Use labels = "" to remove labels-attribute from x.
Logical; if TRUE, all labels are added as value label
attribute, even if x has less unique values then length of labels
or if x has a smaller range then length of labels. See 'Examples'.
This parameter will be ignored, if labels is a named vector.
Logical, if TRUE (default) and labels has less
elements than unique values of x, additional values not covered
by labels will be added as label as well. See 'Examples'.
This parameter will be ignored, if labels is a named vector.

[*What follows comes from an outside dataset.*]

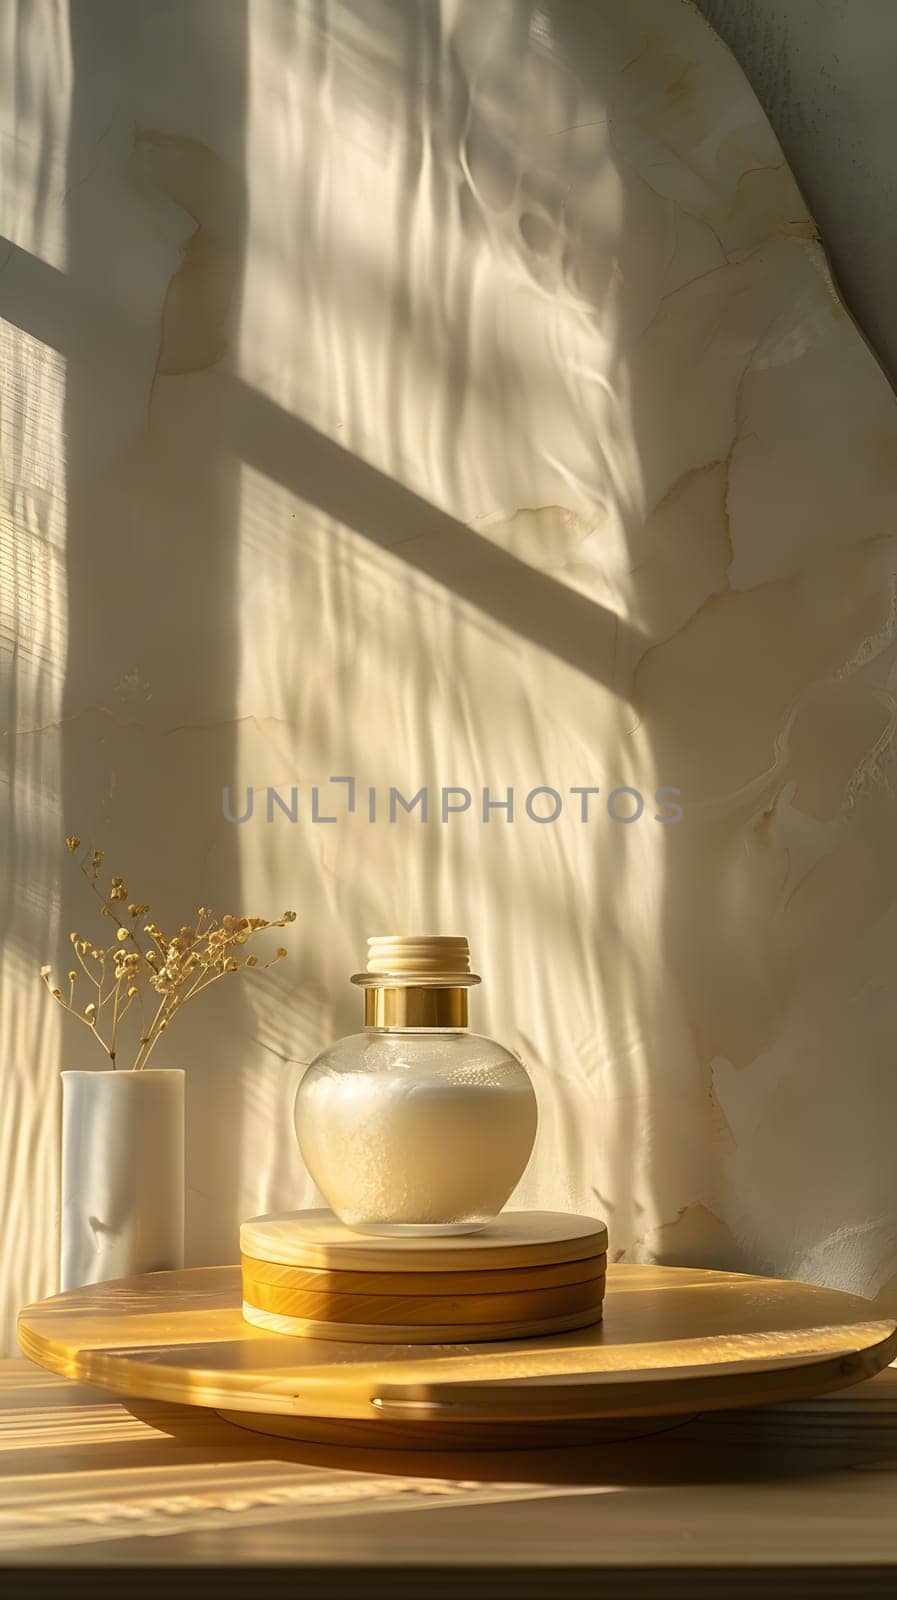 A wooden tray holds a glass vase on a table by the window in a still life setup by Nadtochiy

Logical, whether existing value labels of tagged NA values
(see tagged_na) should be removed (drop.na = TRUE,
the default) or preserved (drop.na = FALSE).
See get_na for more details on tagged NA values.
x with value label attributes; or with removed label-attributes if
labels = "". If x is a data frame, the complete data
frame x will be returned, with removed or added to variables
specified in ...; if ... is not specified, applies
to all variables in the data frame.
if labels is a named vector, force.labels and force.values will be ignored, and only values defined in labels will be labelled;
if x has less unique values than labels, redundant labels will be dropped, see force.labels;
if x has more unique values than labels, only matching values will be labelled, other values remain unlabelled, see force.values;
If you only want to change partial value labels, use add_labels instead.
Furthermore, see 'Note' in get_labels.
See vignette Labelled Data and the sjlabelled-Package
for more details; set_label to manually set variable labels or
get_label to get variable labels; add_labels to
add additional value labels without replacing the existing ones.
dummy <- sample(1:4, 40, replace = TRUE)
frq(dummy)
#> x <integer>
#> # total N=40 valid N=40 mean=2.75 sd=1.10
#>
#> Value | N | Raw % | Valid % | Cum. %
#> -------------------------------------
#> 1 | 8 | 20 | 20 | 20
#> 2 | 6 | 15 | 15 | 35
#> 3 | 14 | 35 | 35 | 70
#> 4 | 12 | 30 | 30 | 100
#> <NA> | 0 | 0 | <NA> | <NA>
dummy <- set_labels(dummy, labels = c("very low", "low", "mid", "hi"))
frq(dummy)
#> x <integer>
#> # total N=40 valid N=40 mean=2.75 sd=1.10
#>
#> Value | Label | N | Raw % | Valid % | Cum. %
#> ------------------------------------------------
#> 1 | very low | 8 | 20 | 20 | 20
#> 2 | low | 6 | 15 | 15 | 35
#> 3 | mid | 14 | 35 | 35 | 70
#> 4 | hi | 12 | 30 | 30 | 100
#> <NA> | <NA> | 0 | 0 | <NA> | <NA>
# assign labels with named vector
dummy <- sample(1:4, 40, replace = TRUE)
dummy <- set_labels(dummy, labels = c("very low" = 1, "very high" = 4))
frq(dummy)
#> x <integer>
#> # total N=40 valid N=40 mean=2.48 sd=1.04
#>
#> Value | Label | N | Raw % | Valid % | Cum. %
#> -------------------------------------------------
#> 1 | very low | 8 | 20.00 | 20.00 | 20.00
#> 2 | 2 | 13 | 32.50 | 32.50 | 52.50
#> 3 | 3 | 11 | 27.50 | 27.50 | 80.00
#> 4 | very high | 8 | 20.00 | 20.00 | 100.00
#> <NA> | <NA> | 0 | 0.00 | <NA> | <NA>
# force using all labels, even if not all labels
# have associated values in vector
x <- c(2, 2, 3, 3, 2)
# only two value labels
x <- set_labels(x, labels = c("1", "2", "3"))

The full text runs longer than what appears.